# [WORK INSTRUCTION]
An exact repeat is needed of the lines from the one with "The Dorothy and" through the last line of the data below. Please omit the pictures.

[Stored items]
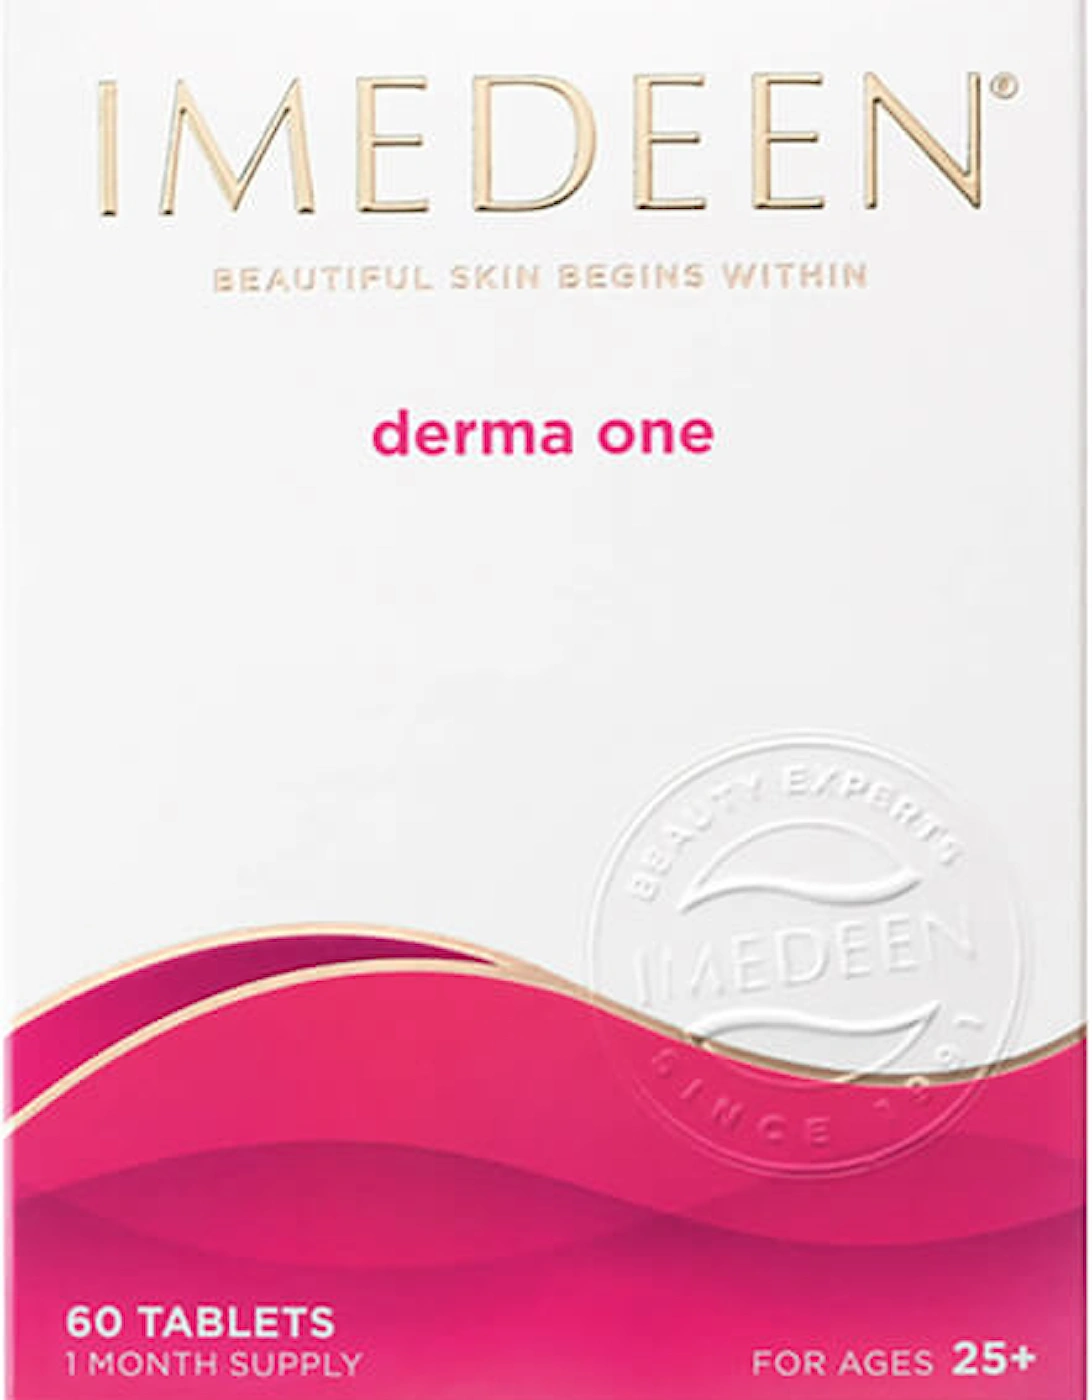 Derma One, Beauty & Skin Supplement for Women, contains Vitamin C and Zinc, 60 Tablets, Age 25+, 2 of 1
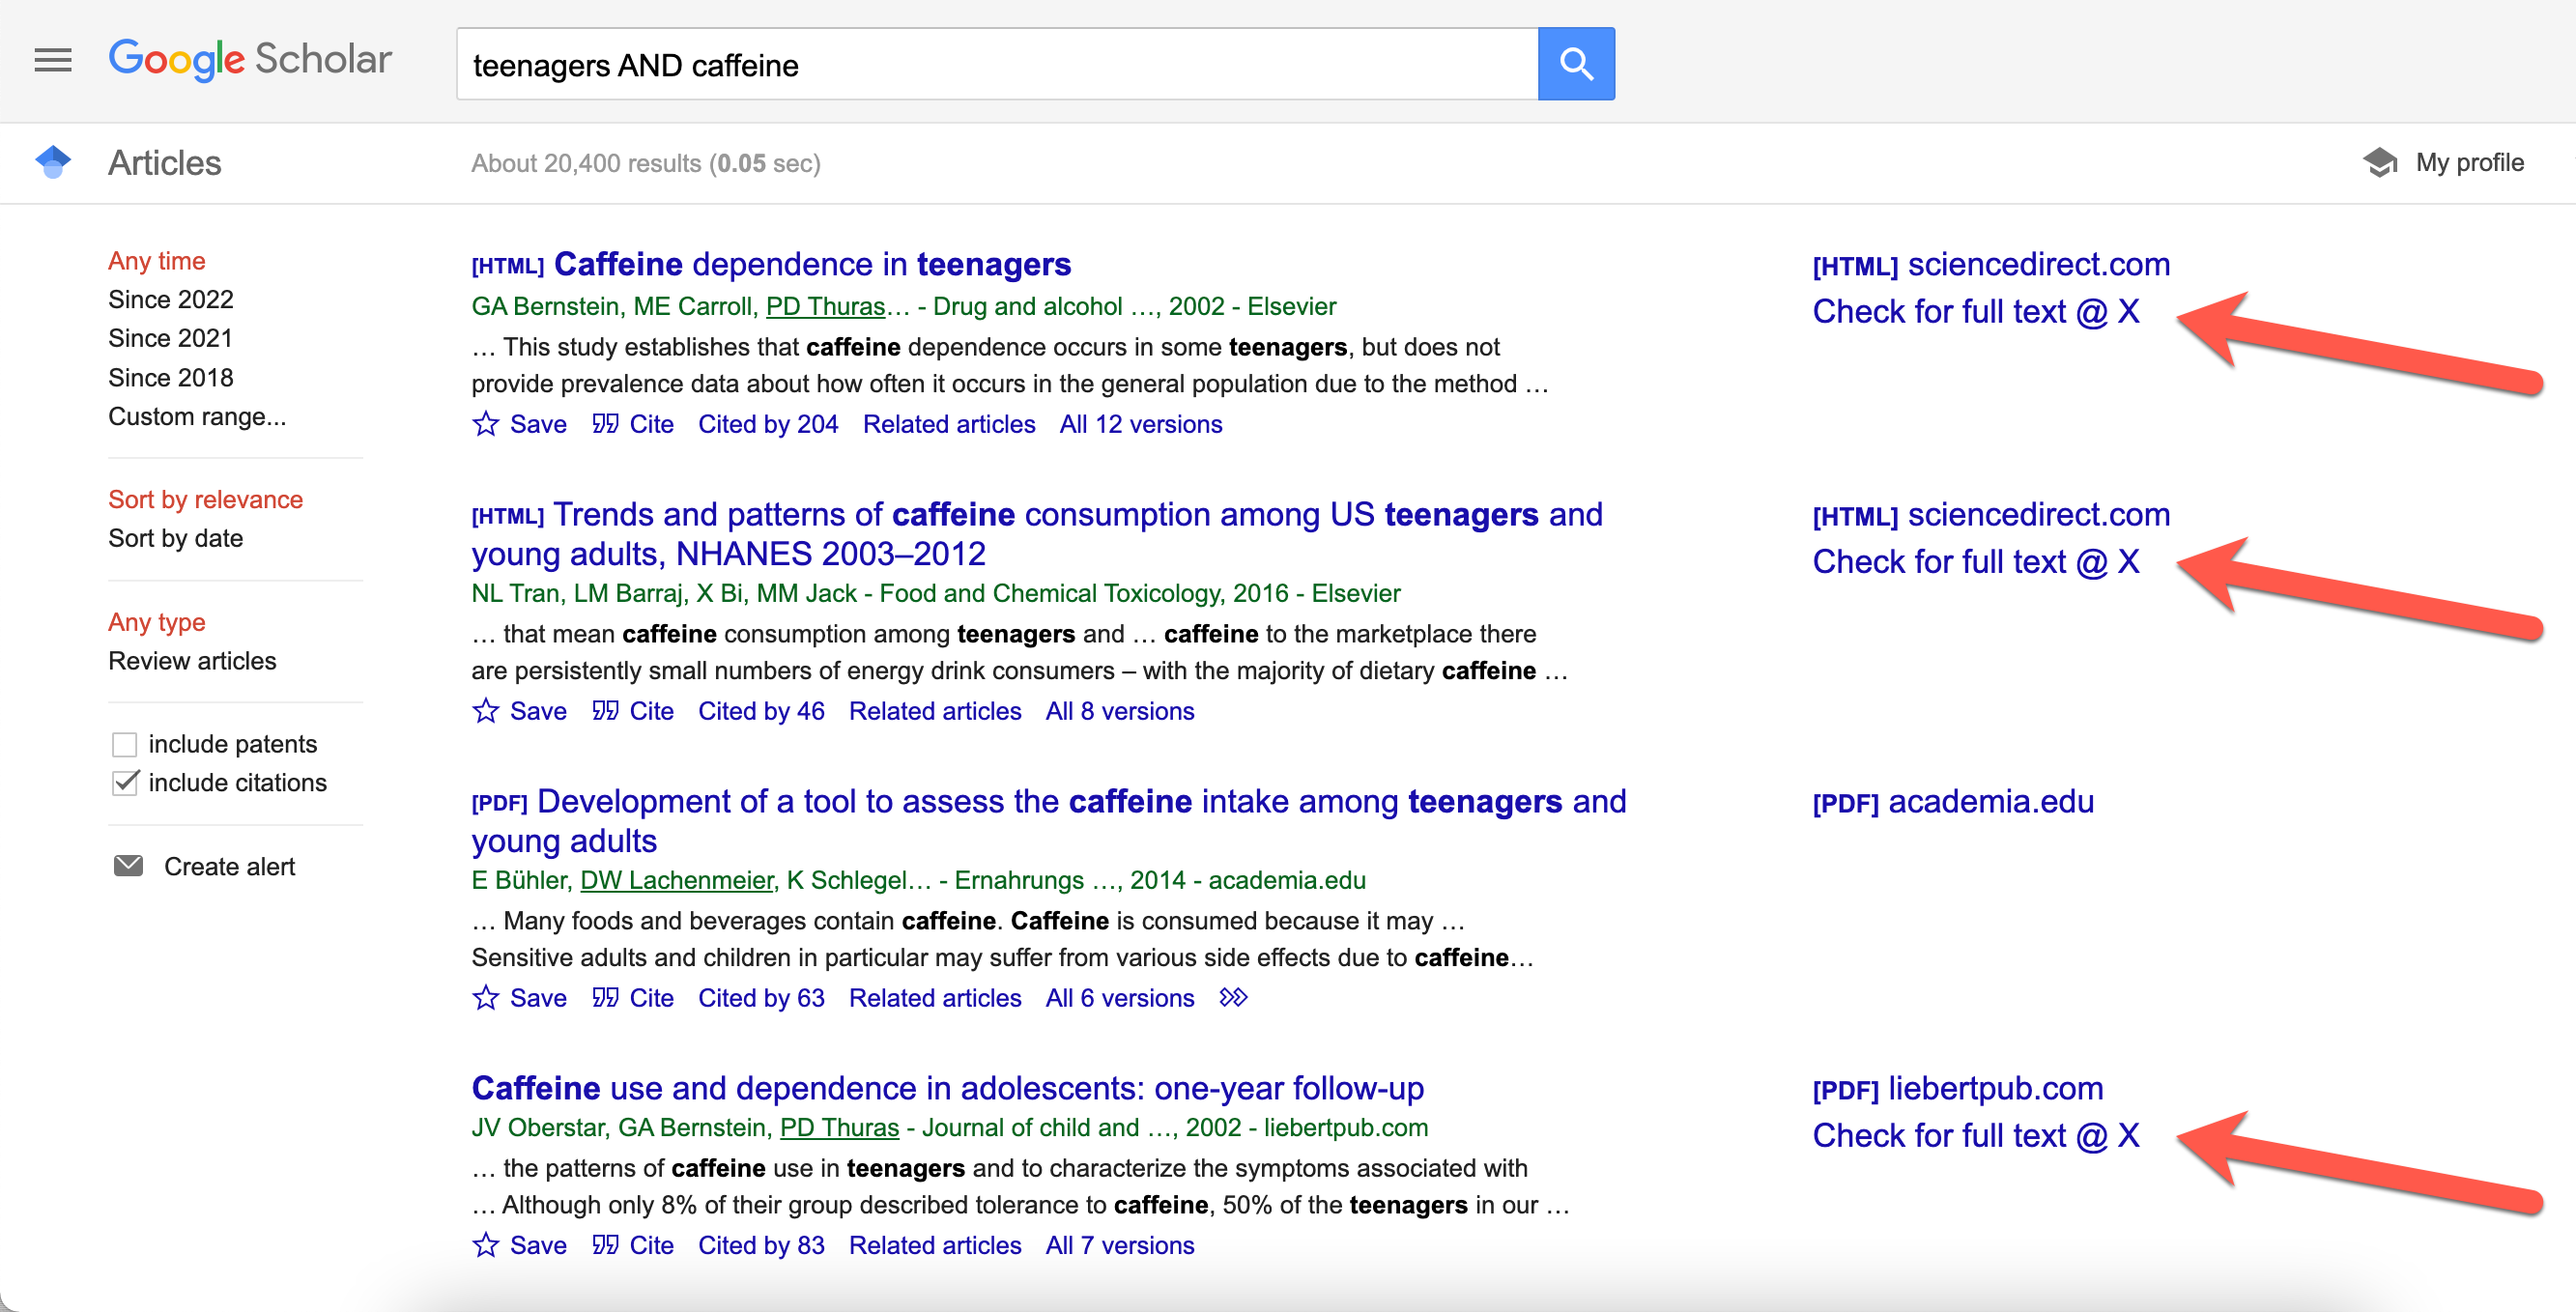 Screenshot of Google Scholar Search Results highlighting the "Check for full text @ X" link
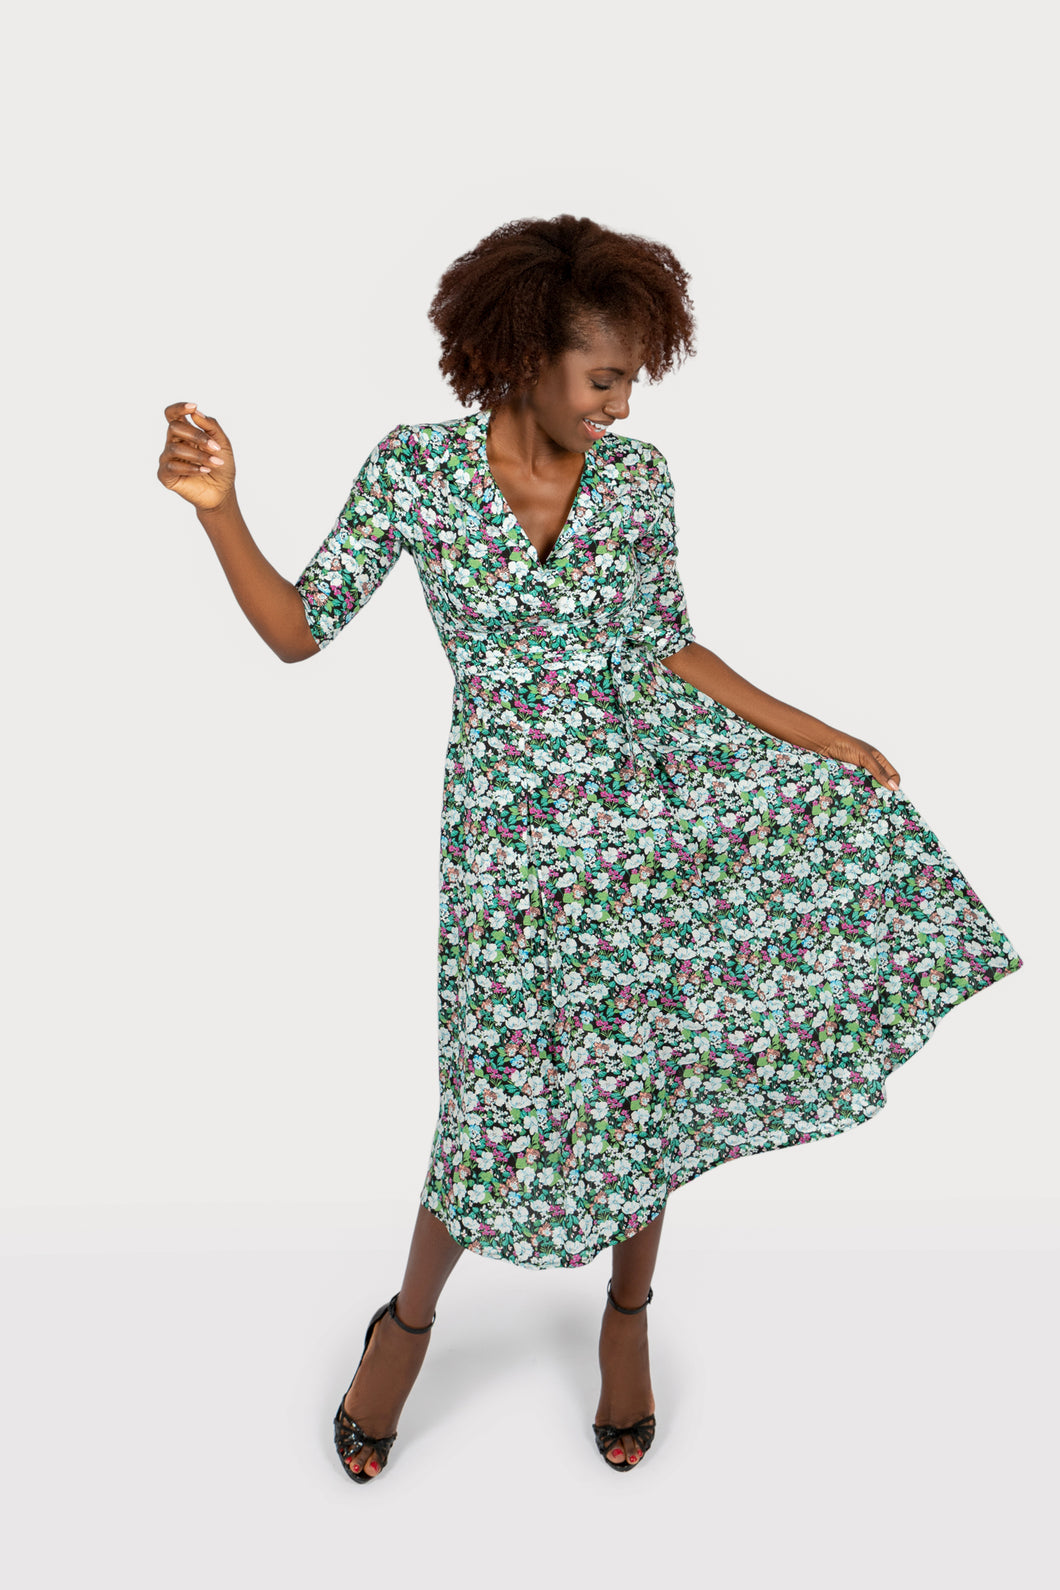 The Dorothy and Frances dress in purple & green floral print cotton
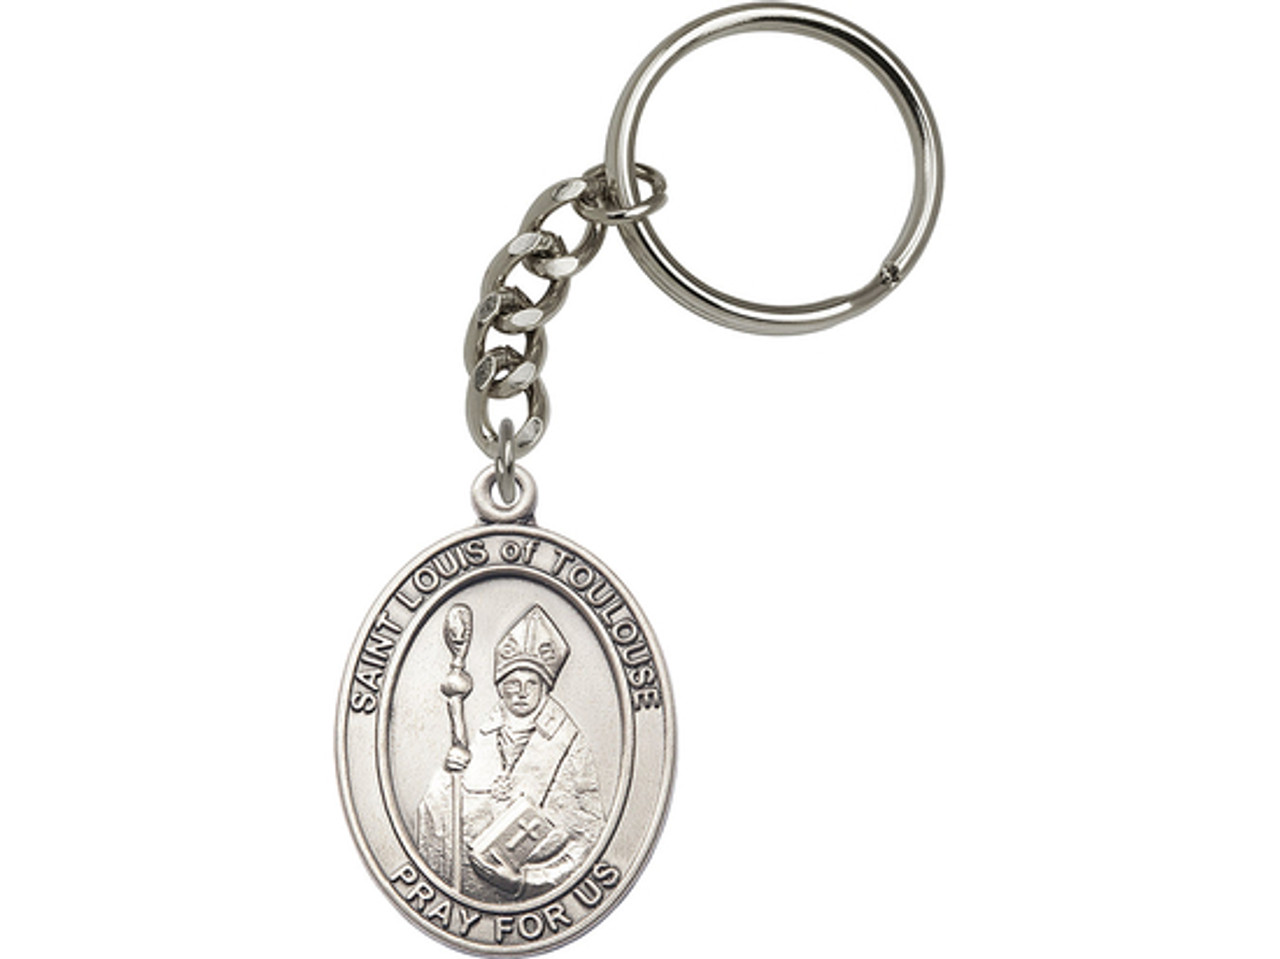 Sisters of Carmel: St. Louis of Toulouse Key Chain
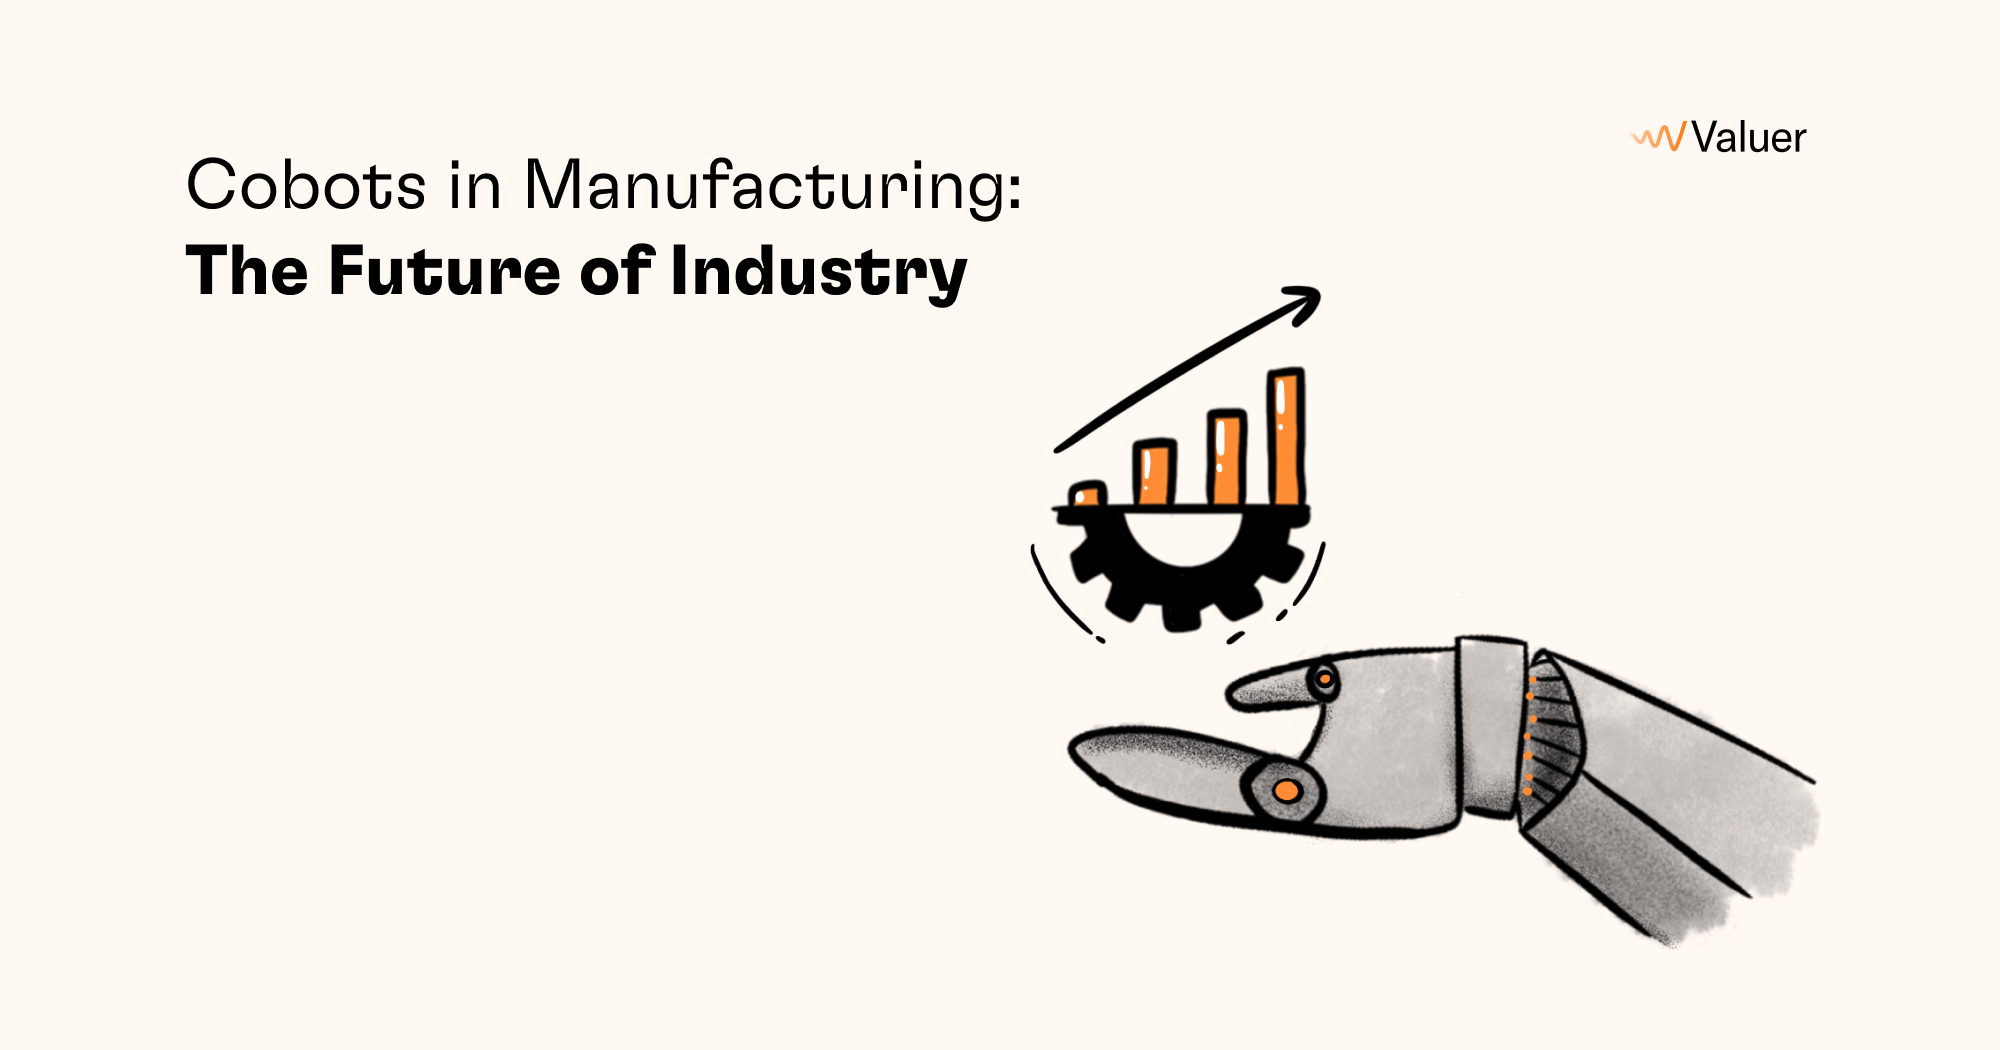 Cobots in Manufacturing: The Future of Industry

# [RESPONSE TO THE TASK]
 The Dorothy and Frances dress in purple & green floral print cotton
 Sisters of Carmel: St. Louis of Toulouse Key Chain
 Cobots in Manufacturing: The Future of Industry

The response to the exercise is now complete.